Diagnosing Upper Gastrointestinal Bleeding
Upper gastrointestinal bleeding is primarily diagnosed based on medical history, symptoms, and clinical examinations. The following diagnostic tests are commonly used to confirm the condition and identify its cause:
Laboratory Tests
Blood tests including platelet count, coagulation time, complete blood count (CBC), prothrombin time, and blood ammonia levels are essential. These tests help distinguish bleeding caused by esophageal varices due to liver cirrhosis from other potential causes. They also provide insights into the patient's overall blood status and clotting ability.
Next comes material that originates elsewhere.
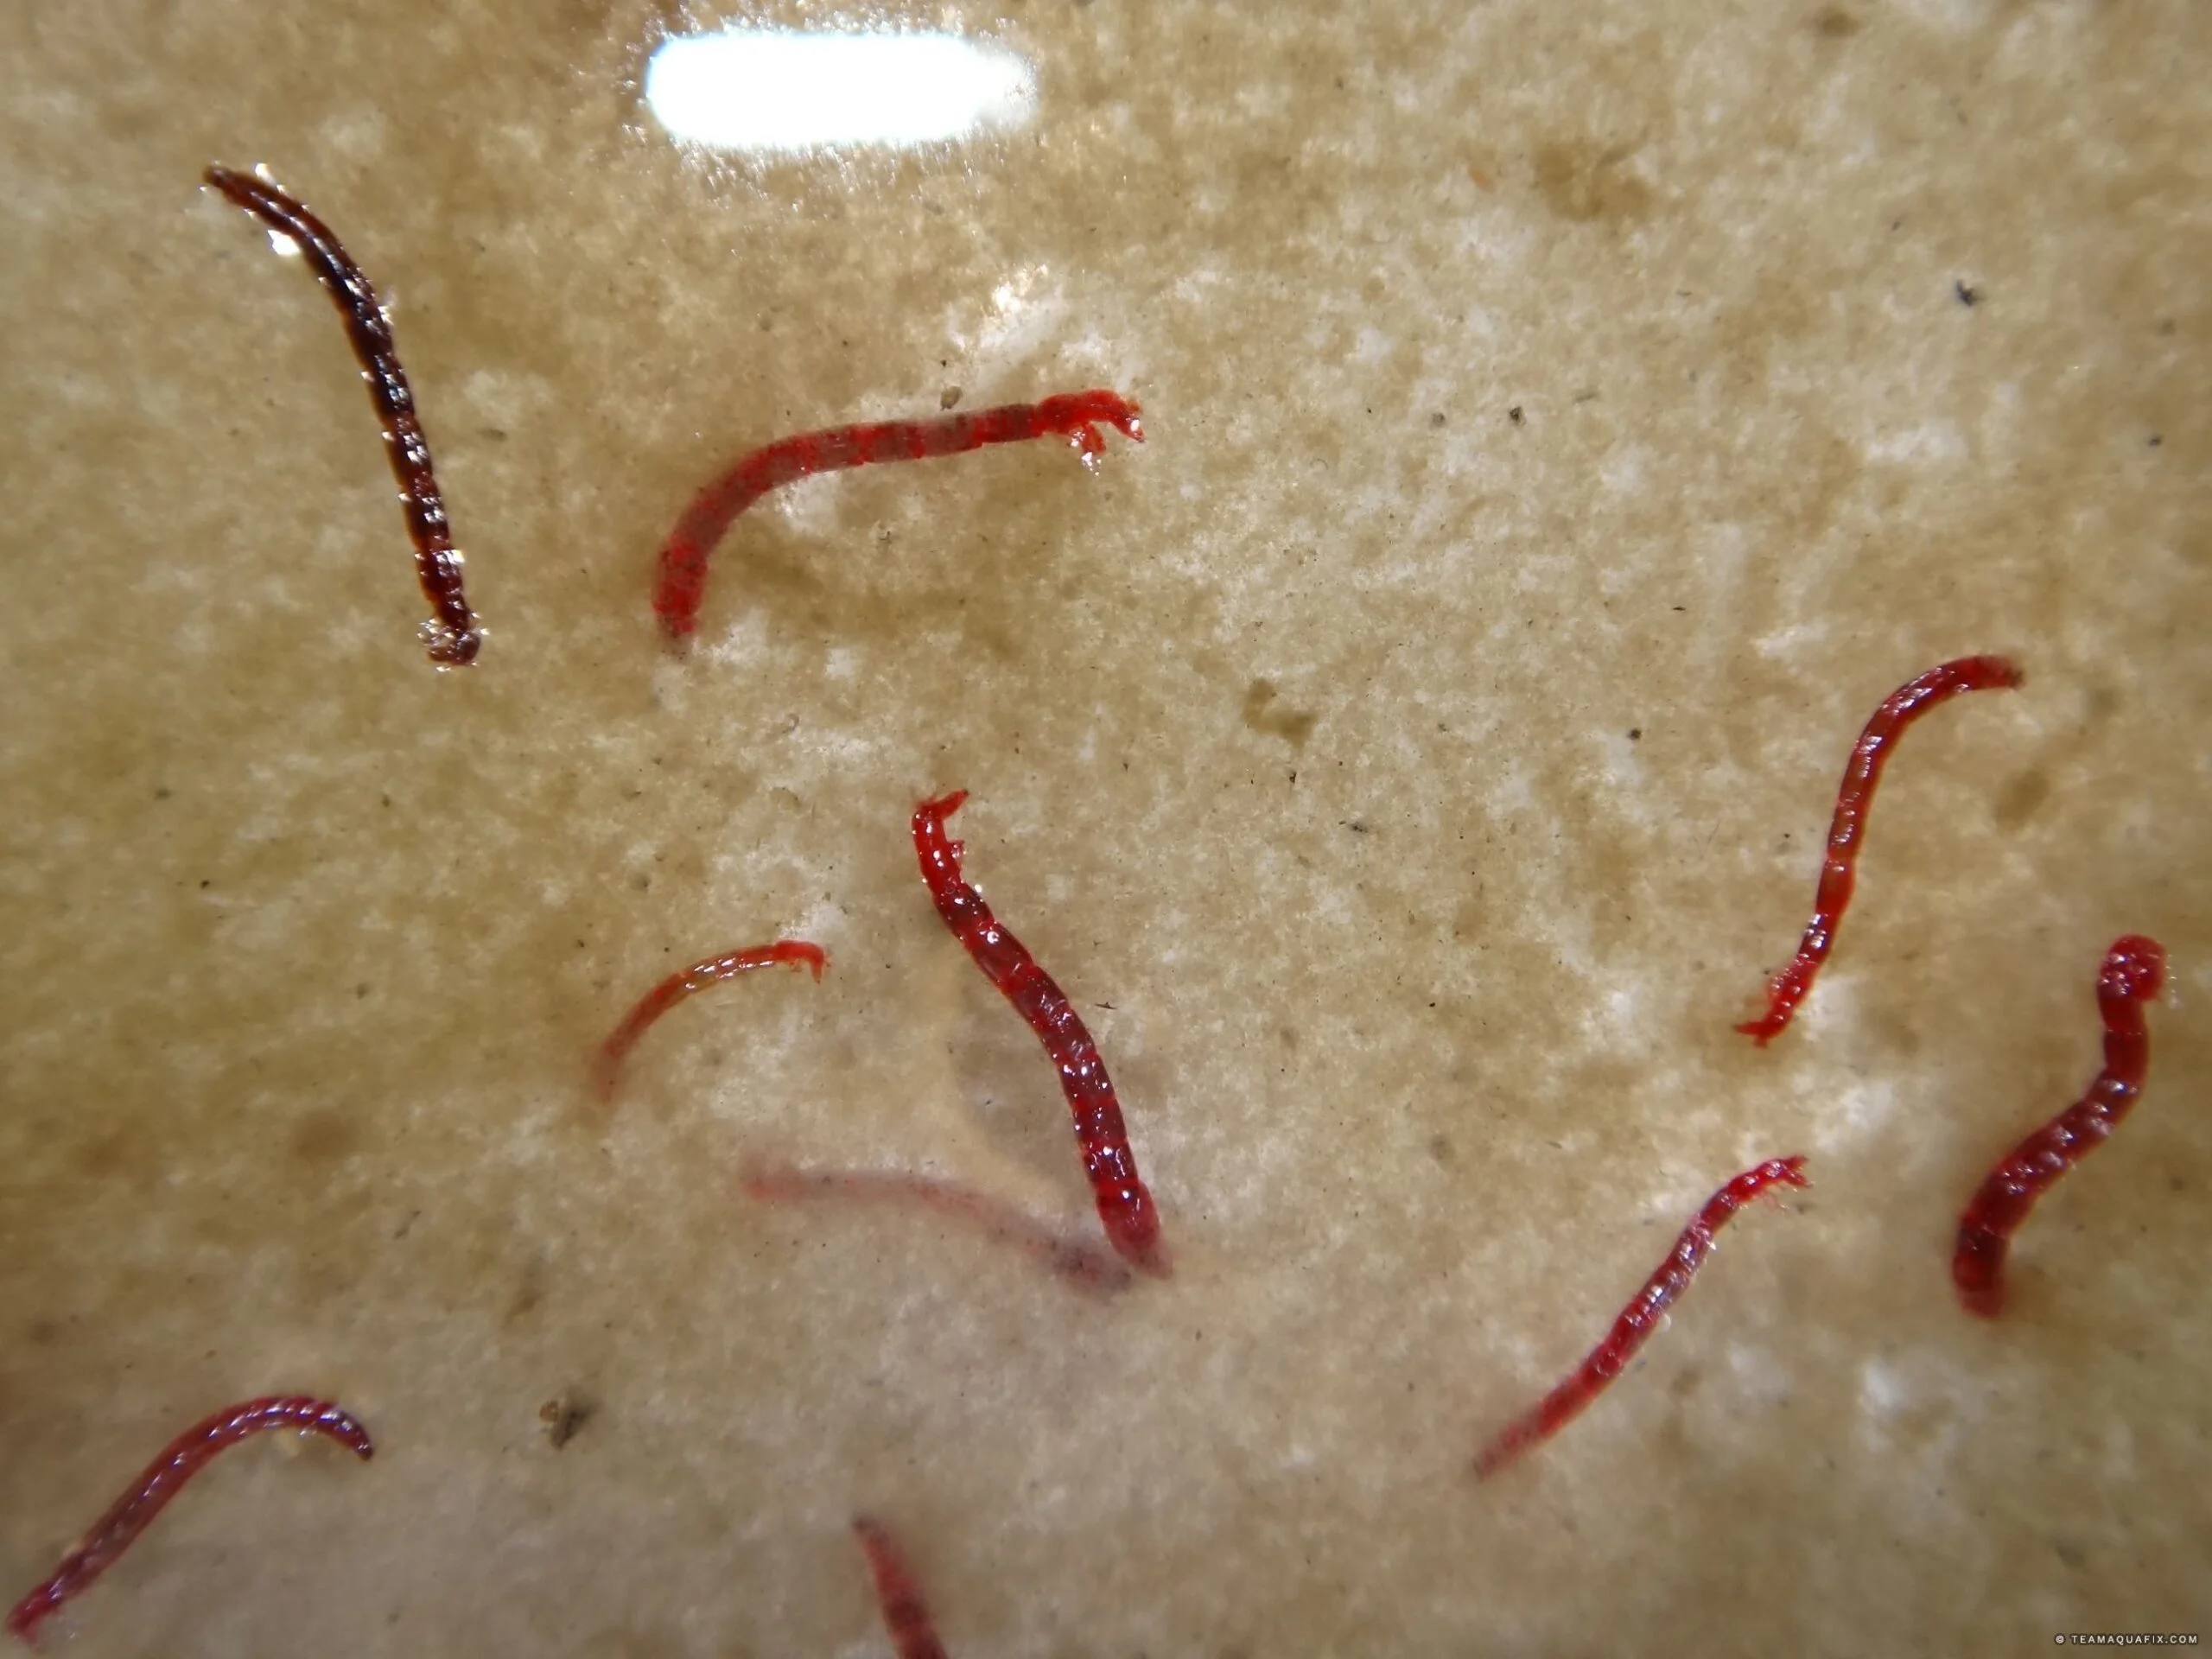 https://aquariumia.com/how-to-get-rid-of-red-worms-in-water-tank/

Swallowed Thread Test or Fluorescein Swallowed Thread Test
This simple yet effective procedure involves using a thread that the patient swallows. The thread may become stained or marked by the presence of blood in the digestive tract, allowing doctors to estimate the location of the bleeding source based on where the discoloration occurs.
Radioisotope Imaging
Radioactive nuclear imaging is particularly useful in detecting active gastrointestinal bleeding. This non-invasive method can identify even minor bleeding that may not be immediately visible through other diagnostic tools.
Selective Angiography
Selective arterial angiography is a more advanced diagnostic technique that can pinpoint the exact site of bleeding. It is especially effective in diagnosing hemorrhages caused by vascular malformations, aneurysms, arteriovenous fistulas, or abnormal blood vessel structures. This method is often used in emergency cases where endoscopy has not provided a clear diagnosis and the bleeding continues.
Endoscopic Examination
Endoscopy remains one of the most valuable tools for diagnosing upper GI bleeding. It allows direct visualization of the upper gastrointestinal tract, enabling doctors to identify the exact location and nature of the lesion causing the bleed. In many cases, treatment can also be administered during the same procedure.
Barium X-ray and Double-contrast Barium Study
While less commonly used today, barium studies such as the barium meal and double-contrast imaging can still play a supportive role in diagnosis. These imaging techniques enhance the visibility of the gastrointestinal lining and can help detect abnormalities that may be contributing to the bleeding.